Obscenity: Social Control and Artistic Creation in the European Middle Ages


Obscenity: Social Control and Artistic Creation in the European Middle Ages. Edited by Jan M. Ziolkowski. Cultures, Beliefs and Traditions: Medieval and Early Modern Periods. Leiden-Boston-Köln: Brill, 1998. x + 359 pp.

Over four decades ago, while I was serving, initially, as a member of the U.S. Army of Occupation and, subsequently, as a "guest of the German Federal Republic," the following took place in the Herzogenaurach enlisted men's mess. A fellow soldier, about to leave for two weeks of furlough Stateside, was looking forward to Thanksgiving with his family. We were happy for him, but a corporal at our table was worried. We all used the participial adjective "mother-fucking" as a matter of course, prepositively, so to speak. It was as inevitable as our use of the definite article, in fact it probably helped establish our group identity. (Curiously, our Polish guard friends, who aped our "mother-fucking" perfectly, mastering all the expressive nuances we used, were hopeless in regard to the English definite article; they regularly stuck one in where it did not belong, or they failed to use it when it was required.) The corporal was afraid that when our buddy sat down to Thanksgiving dinner , he would blurt out: "Hey Mom, would you please pass the mother-fucking butter?" We agreed that this worry had substance, so we spent the evening drilling our homeward-bound friend, making him practice a speech free of "mother-fucking" (and other gros mots).
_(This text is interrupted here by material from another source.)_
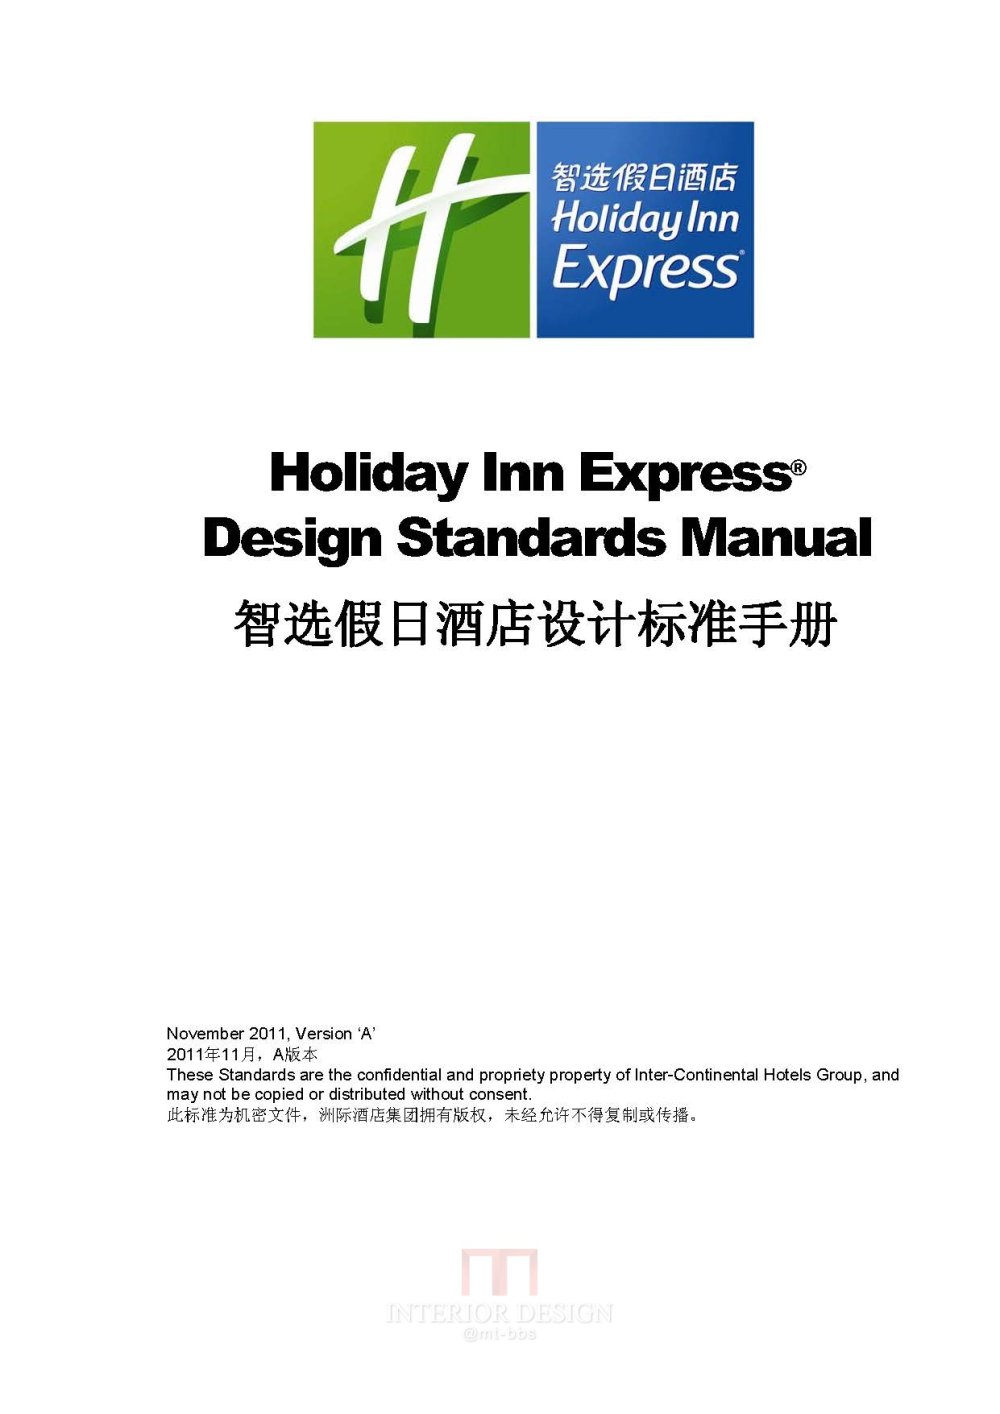 国际品牌酒店设计标准-洲际快捷酒店标准_页面提取自－2011.11 Holiday Inn Express设计标准手册.jpg

Perusing the volume under review here reminded me of this experience. For example, in Part i of the Old French (OFr.) Roman de la Rose (ca. 1230)--the 4000-odd lines attributed to Guillaume de Lorris--a lady named Raison finds Amant despairing at his friend Bel Acueil's imprisonment. She is described as neither young or old, neither too tall or too short, and neither fat or thin; she carries herself in a stately manner and wears a crown. She looks as though she hails from Paradise; her eyes shine (ed. Langlois, vv. 2971-88). She claims to be the mother of Honte (Shame), in v. 3028, which would, of course, make her no longer a maiden. She seeks to convince Amant that he abandon his quest for the Rose. Citing a host of authorities and historical examples, she "proves" that Amant is indulging in foolishness. She is passionately . . . reasonable, and, not surprisingly, Amant takes her speeches to be preacherly hectoring.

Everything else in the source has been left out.